**TASK BRIEF:**
This exercise asks for an exact copy of the lines from the one containing "BAHRAIN 5 FILS" through the final line of the material, with pictures omitted.

**COLLECTED DATA:**
---+---

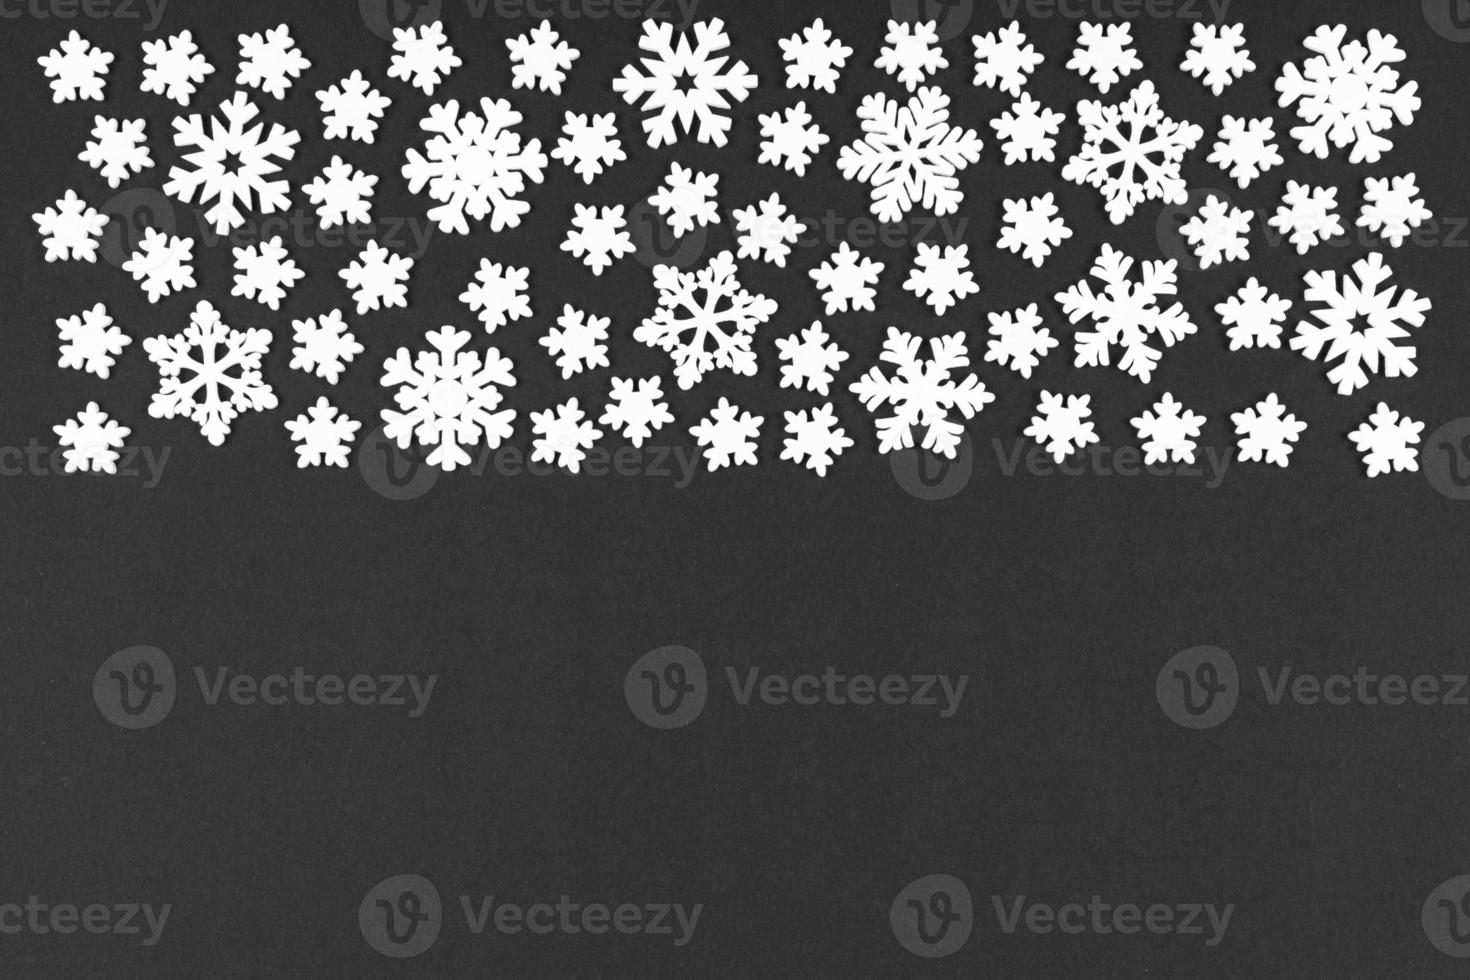 vista superior do ornamento de inverno feito de flocos de neve brancos sobre fundo colorido. feliz ano novo conceito com espaço de cópia foto
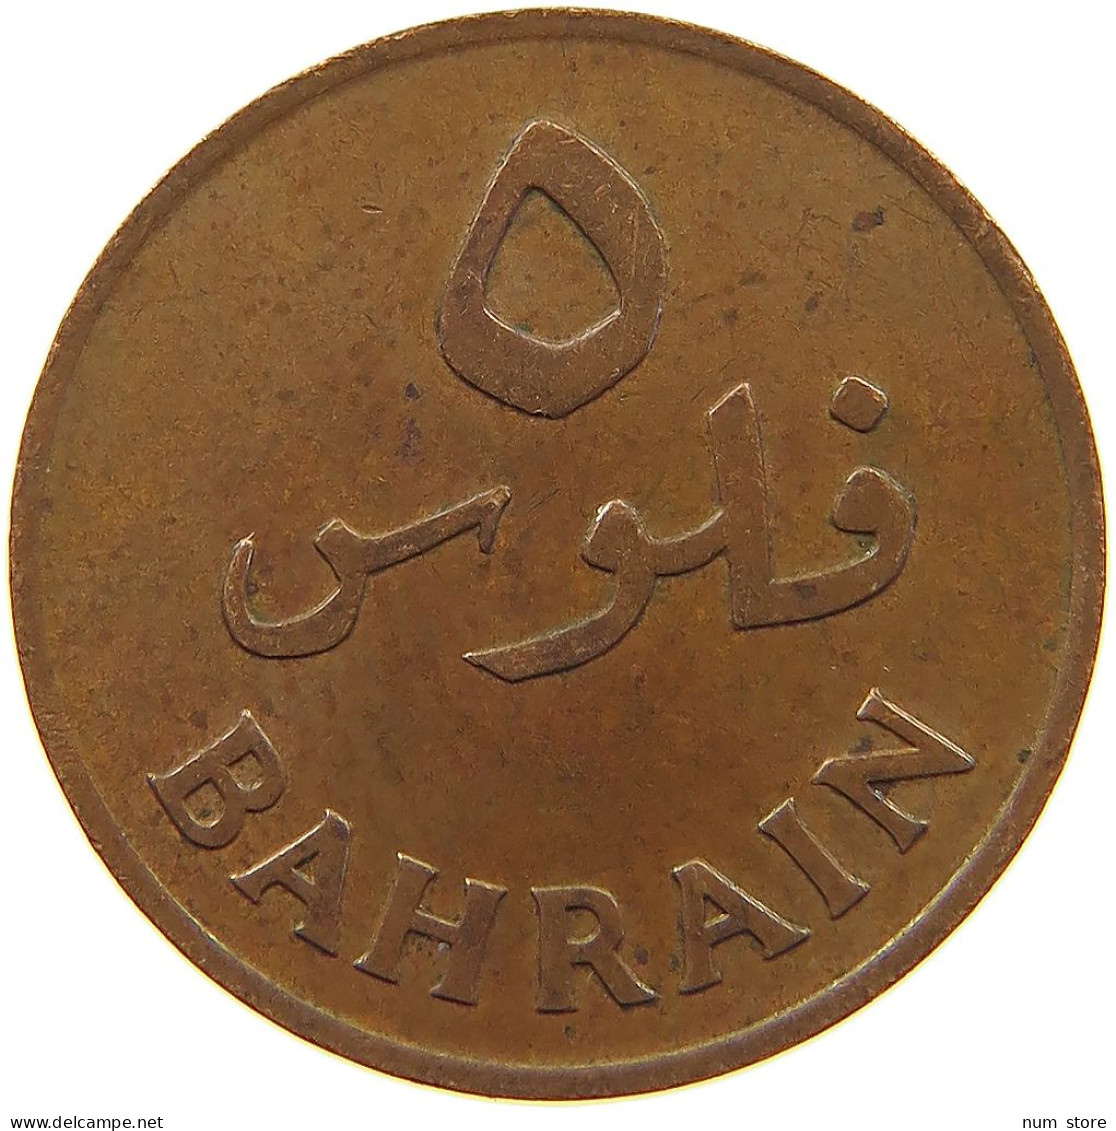 BAHRAIN 5 FILS 1965  #a050 0445 - Bahrain
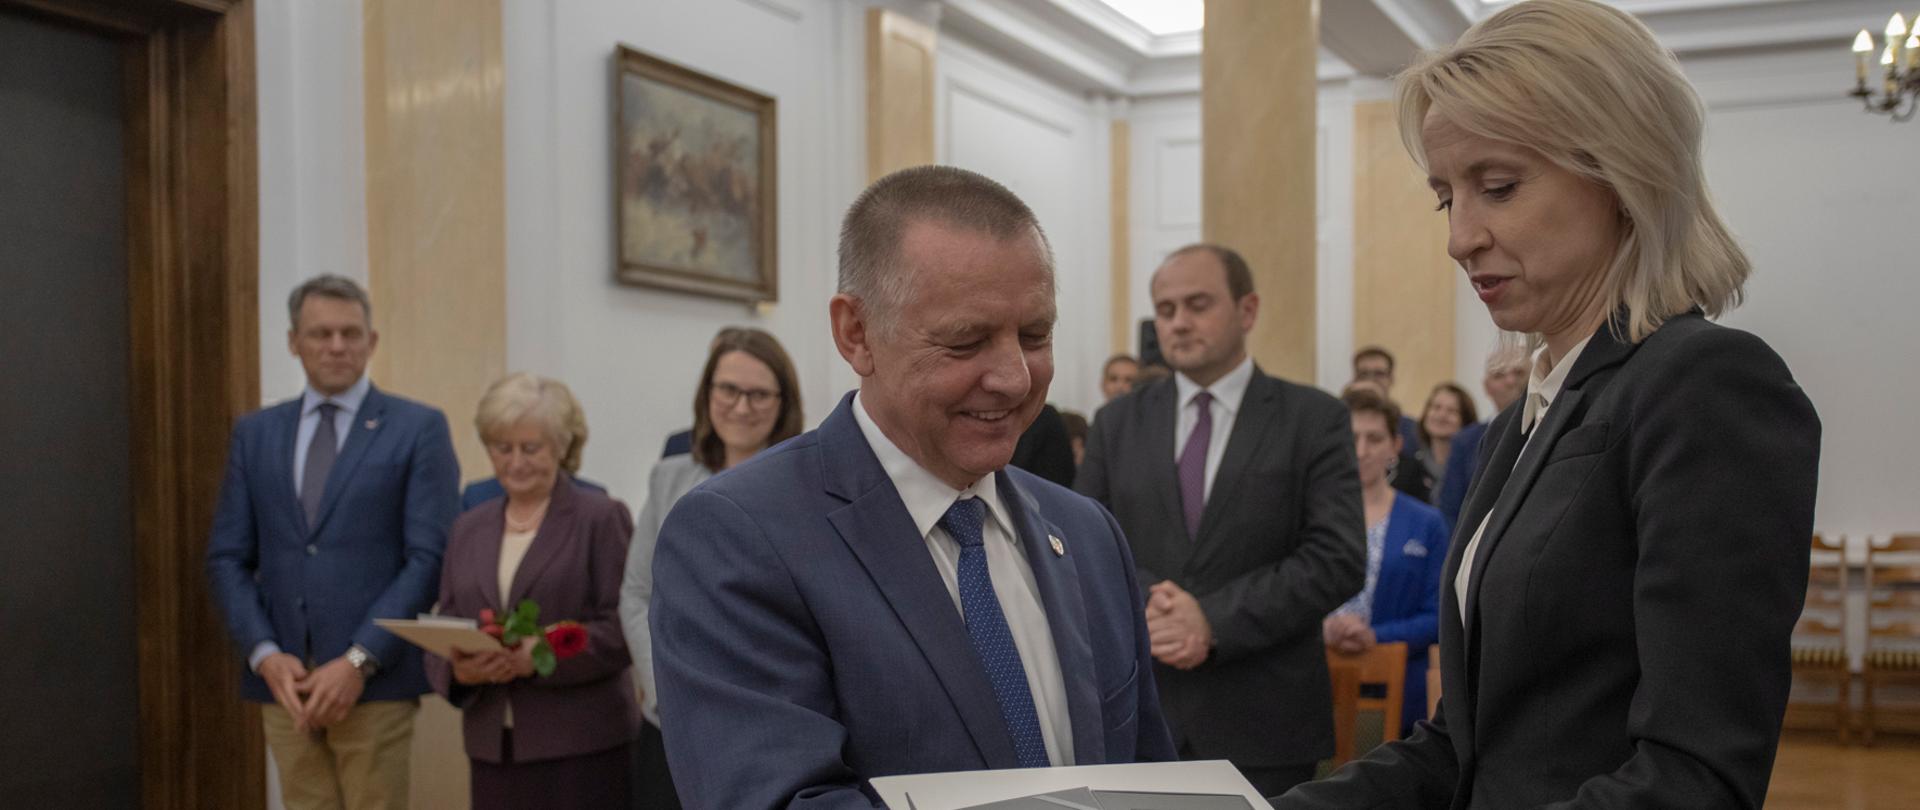 Minister Teresa Czerwińska wręcza medal szefowi KAS Marianowi Banasiowi, w tle pozostali nagrodzeni w sali w MF
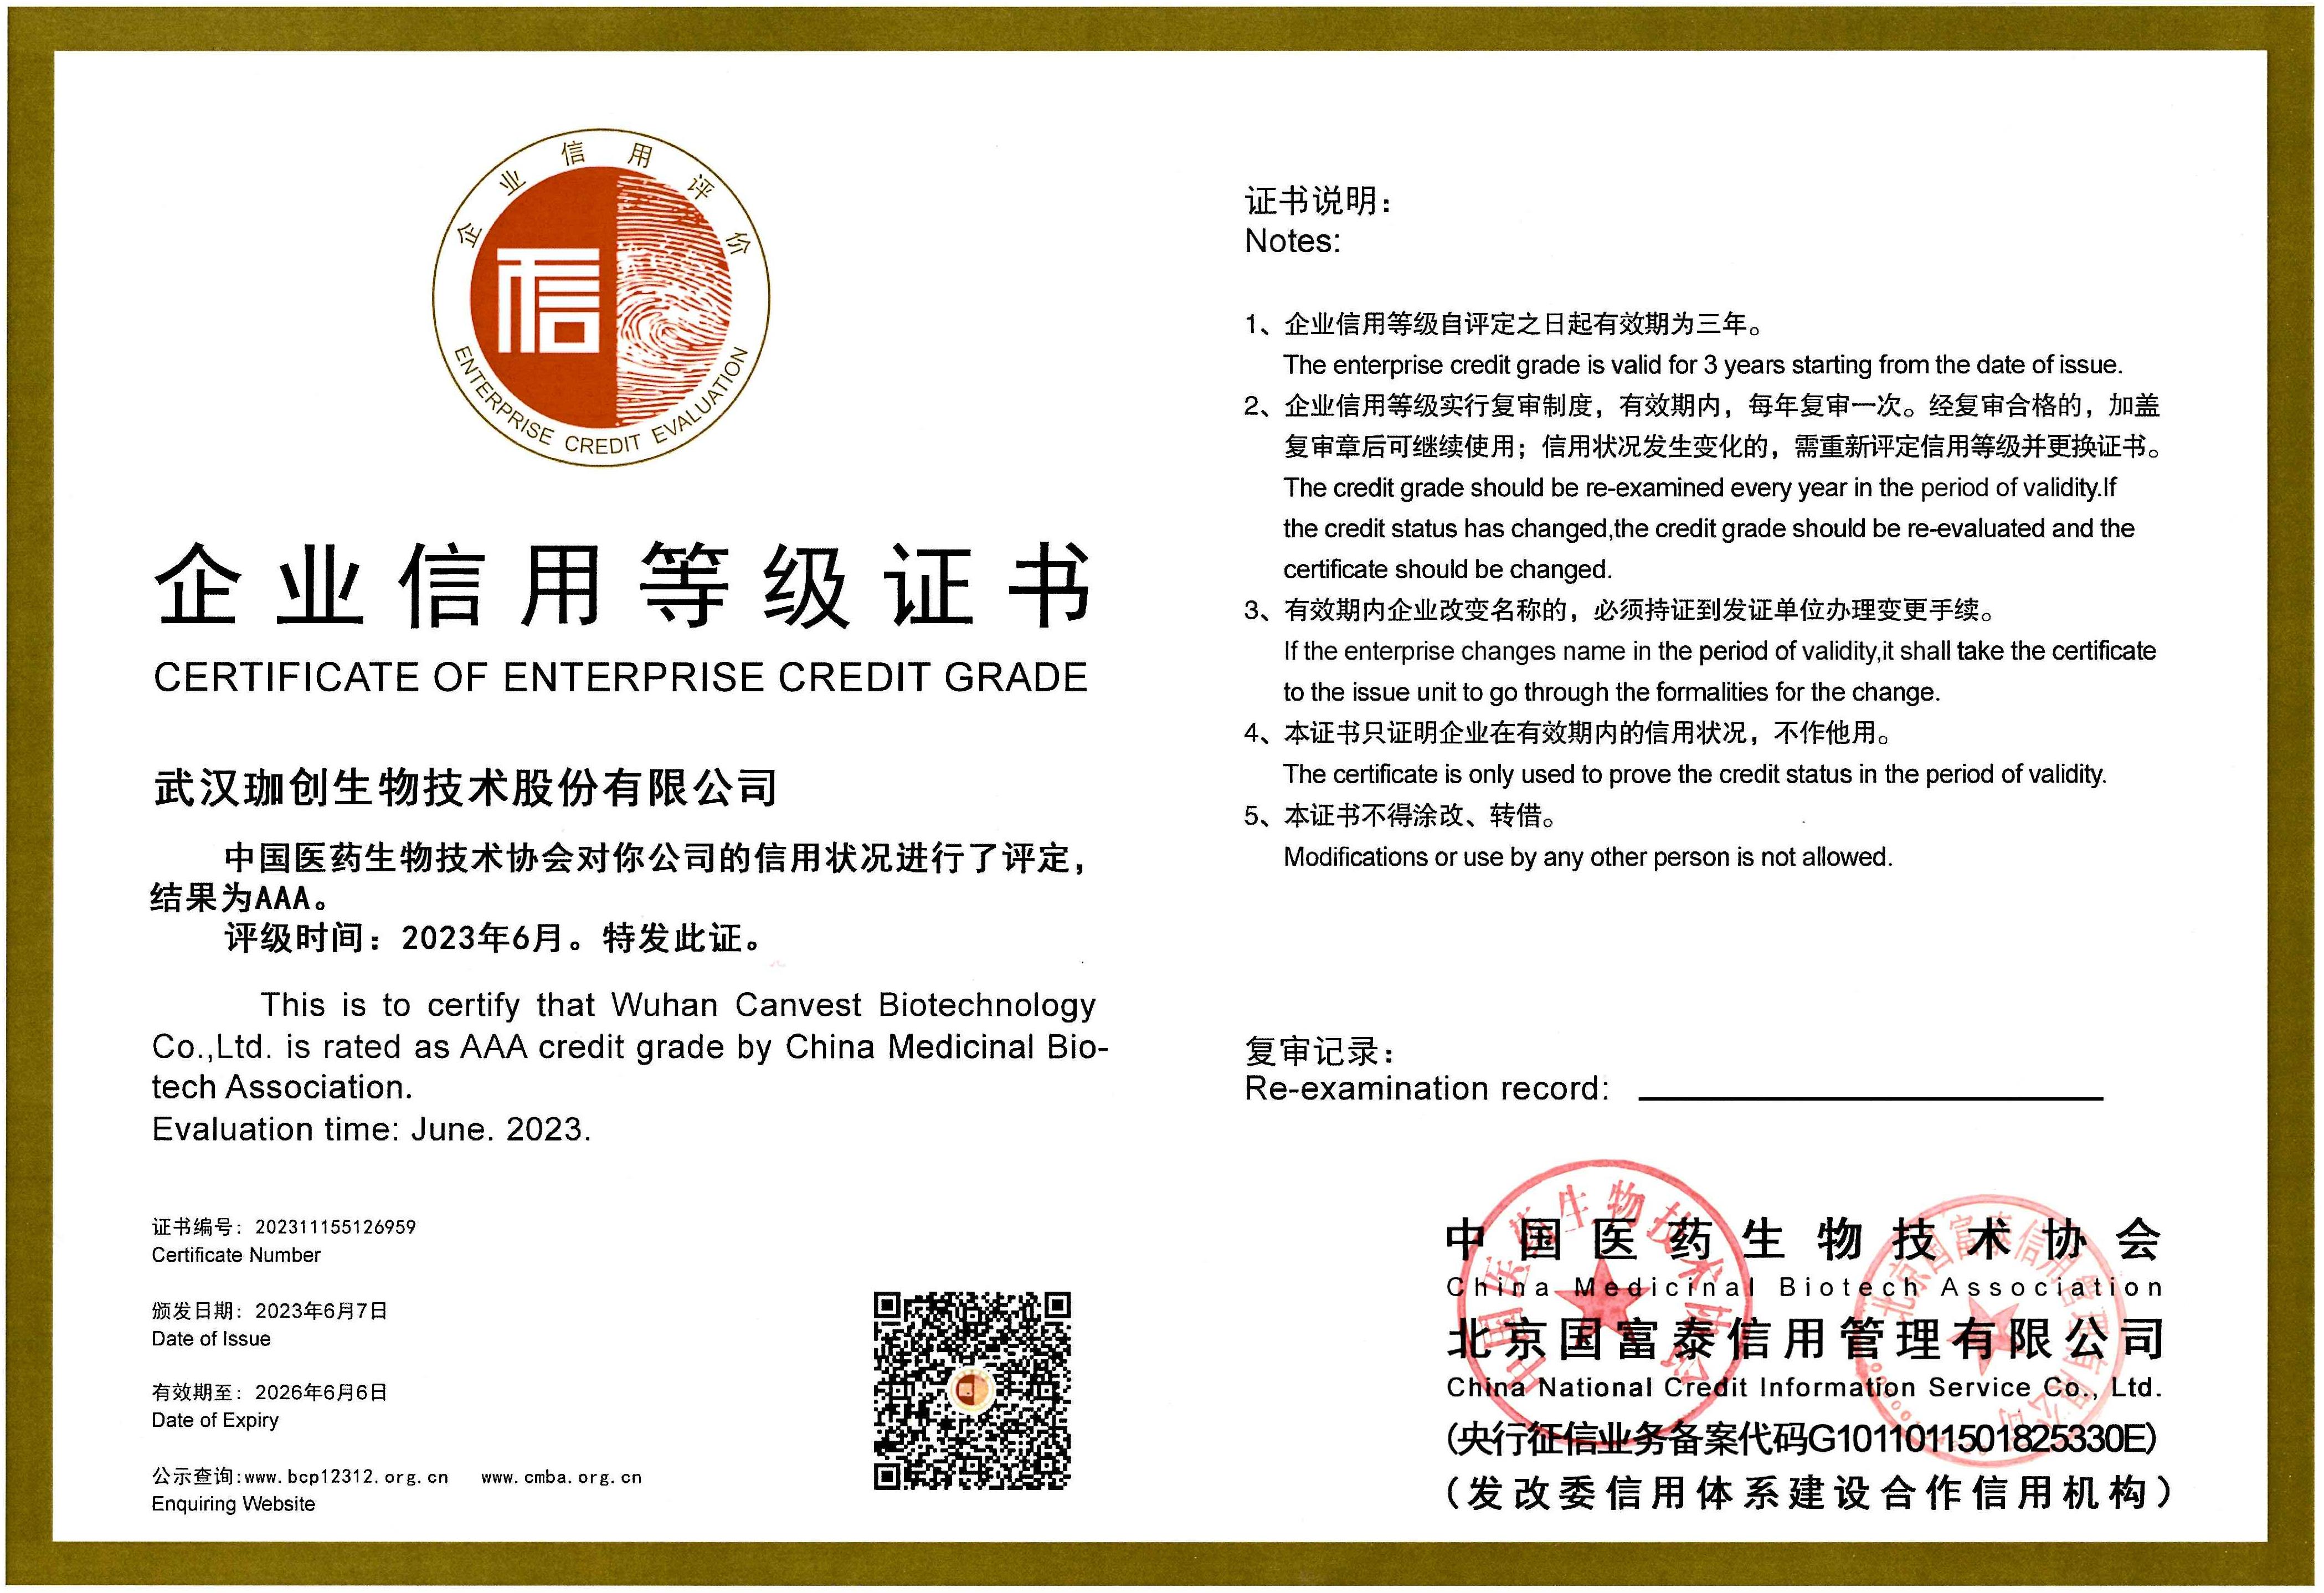 中国医药生物技术协会企业信用等级AAA证书

---+---

**SOLUTION FOR THIS EXERCISE:**
 BAHRAIN 5 FILS 1965  #a050 0445 - Bahrain
 Minister Teresa Czerwińska wręcza medal szefowi KAS Marianowi Banasiowi, w tle pozostali nagrodzeni w sali w MF
 中国医药生物技术协会企业信用等级AAA证书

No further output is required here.